### [Data block]
----
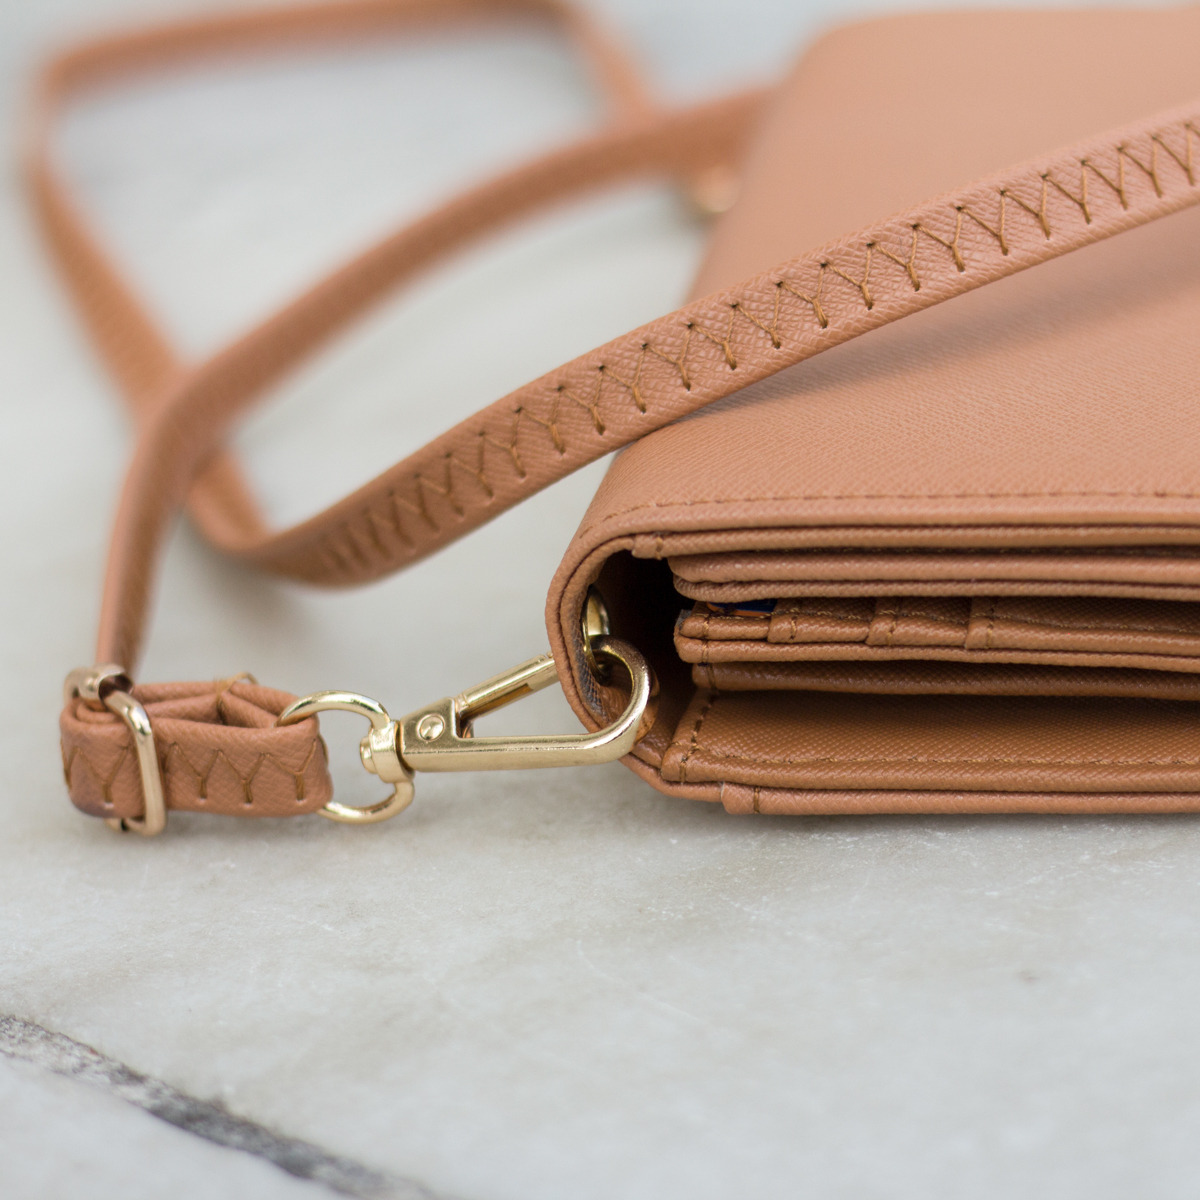 Primitive Beginnings womens summer apparel dresses travel off-shoulder purse wallet
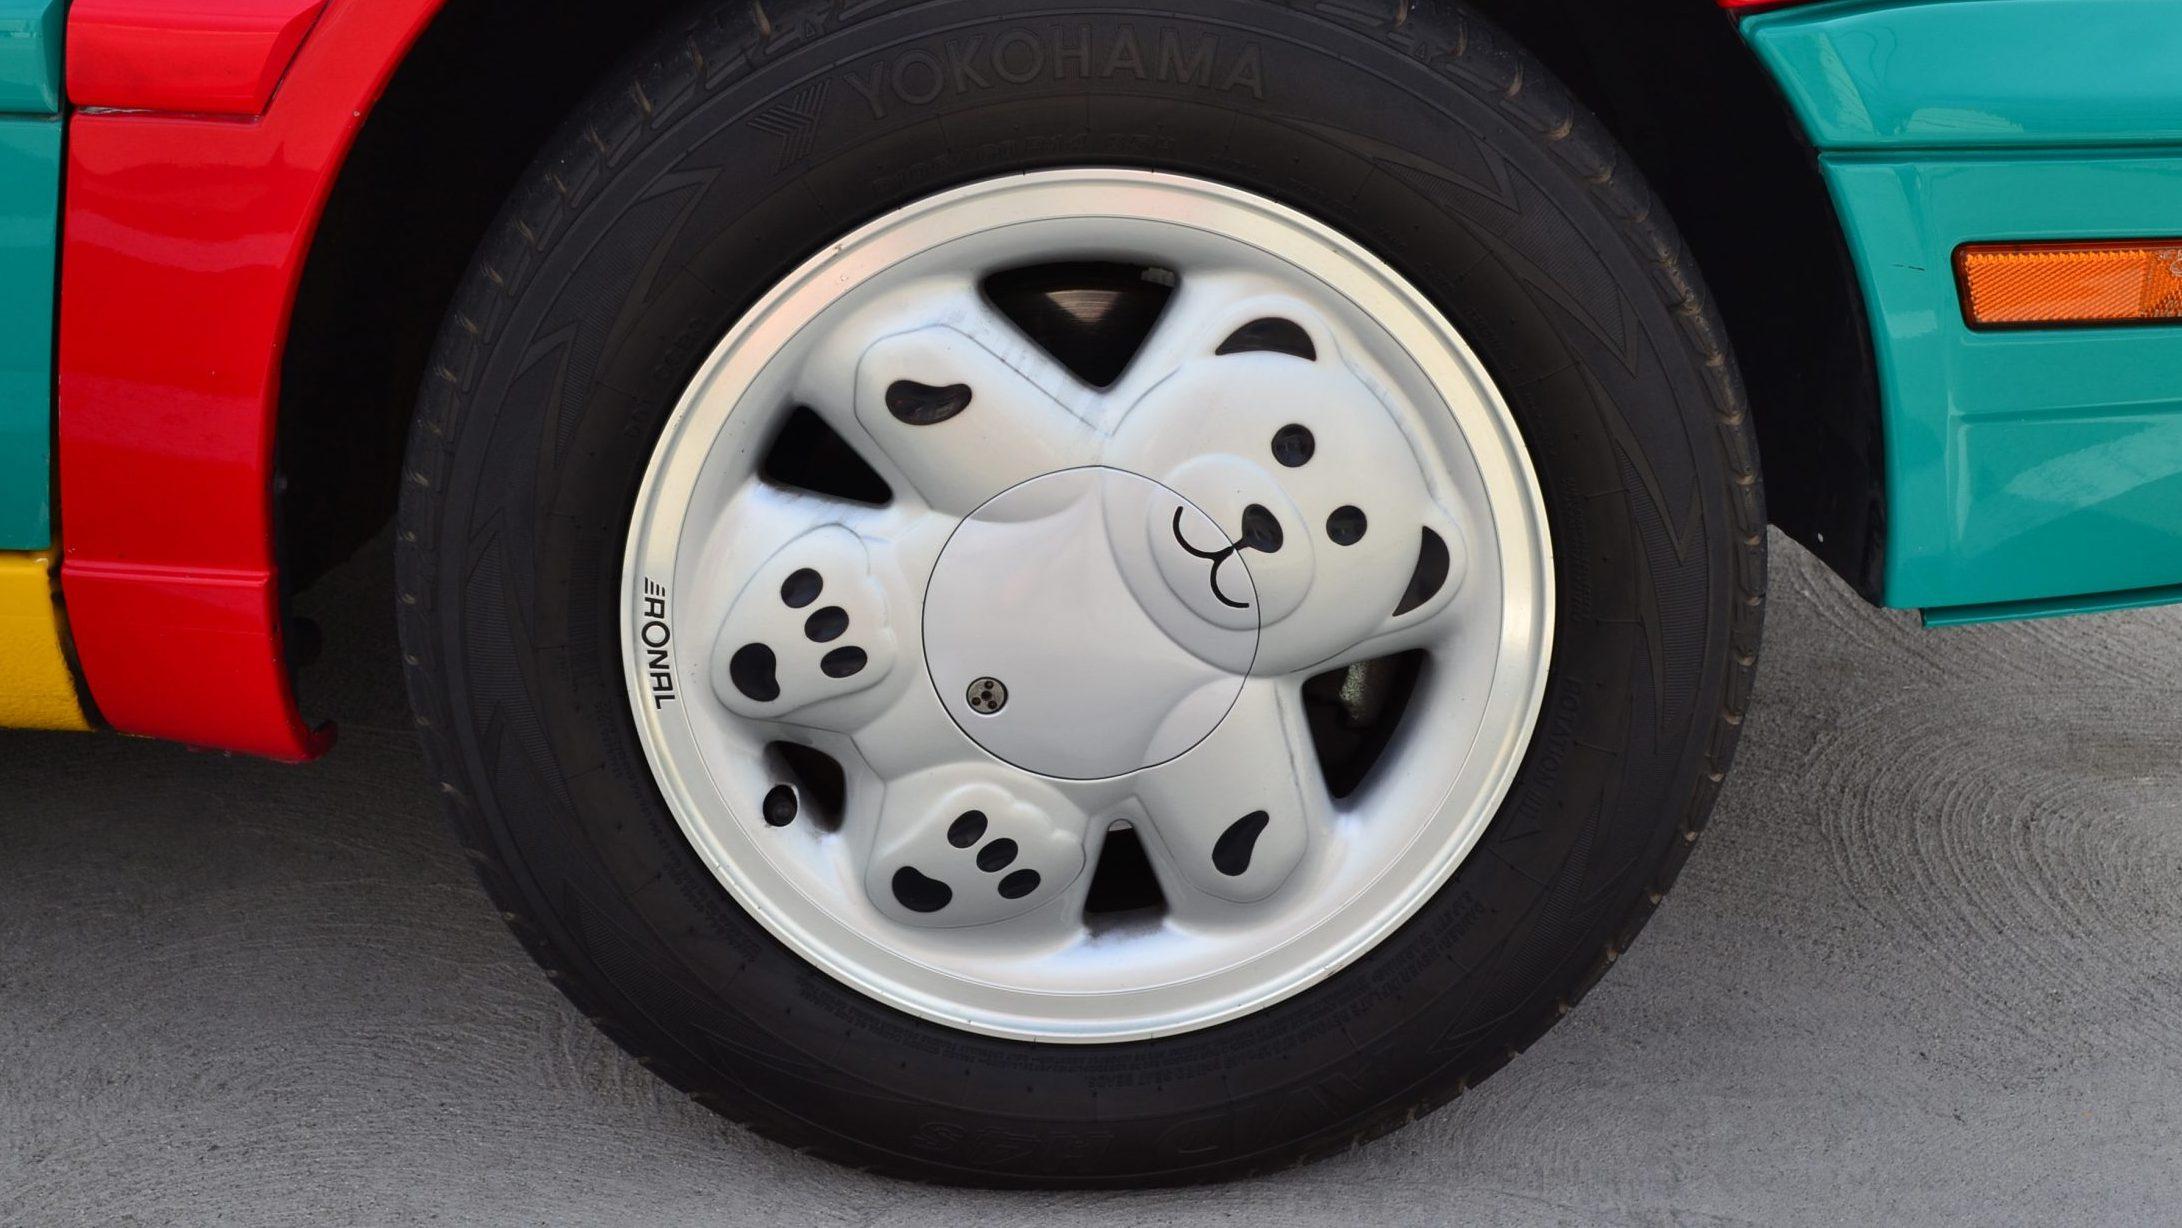 Ronal Teddy onder VW Golf III Harlequin
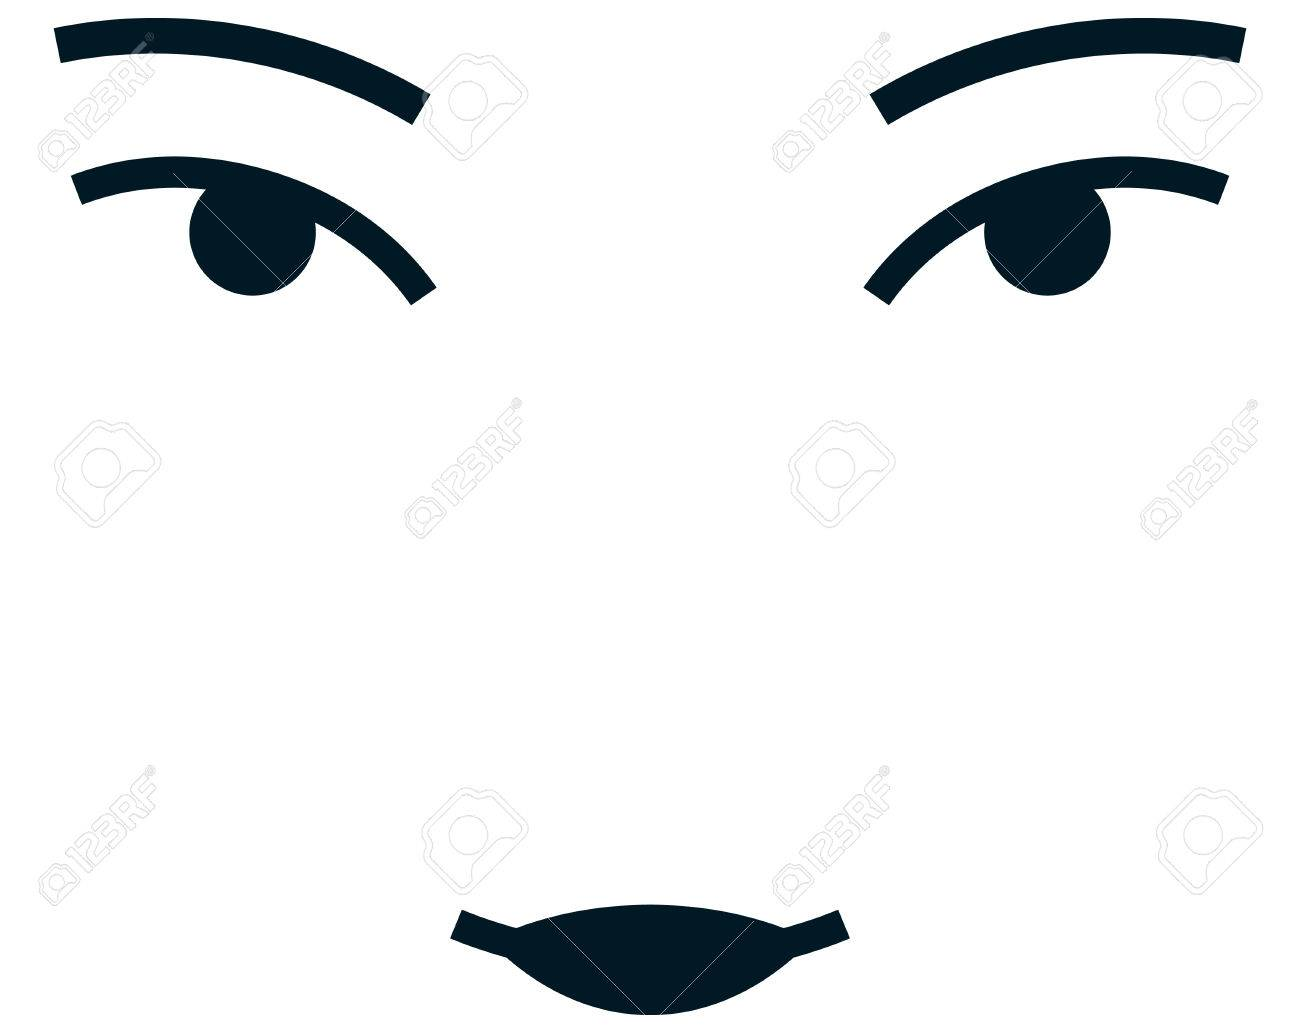 Asian girl woman female face vector illustration isolated.
----
### [Required work]
Your copy should match the material above exactly, minus its pictures.

### [Answer to the exercise]
 Primitive Beginnings womens summer apparel dresses travel off-shoulder purse wallet
 Ronal Teddy onder VW Golf III Harlequin
 Asian girl woman female face vector illustration isolated.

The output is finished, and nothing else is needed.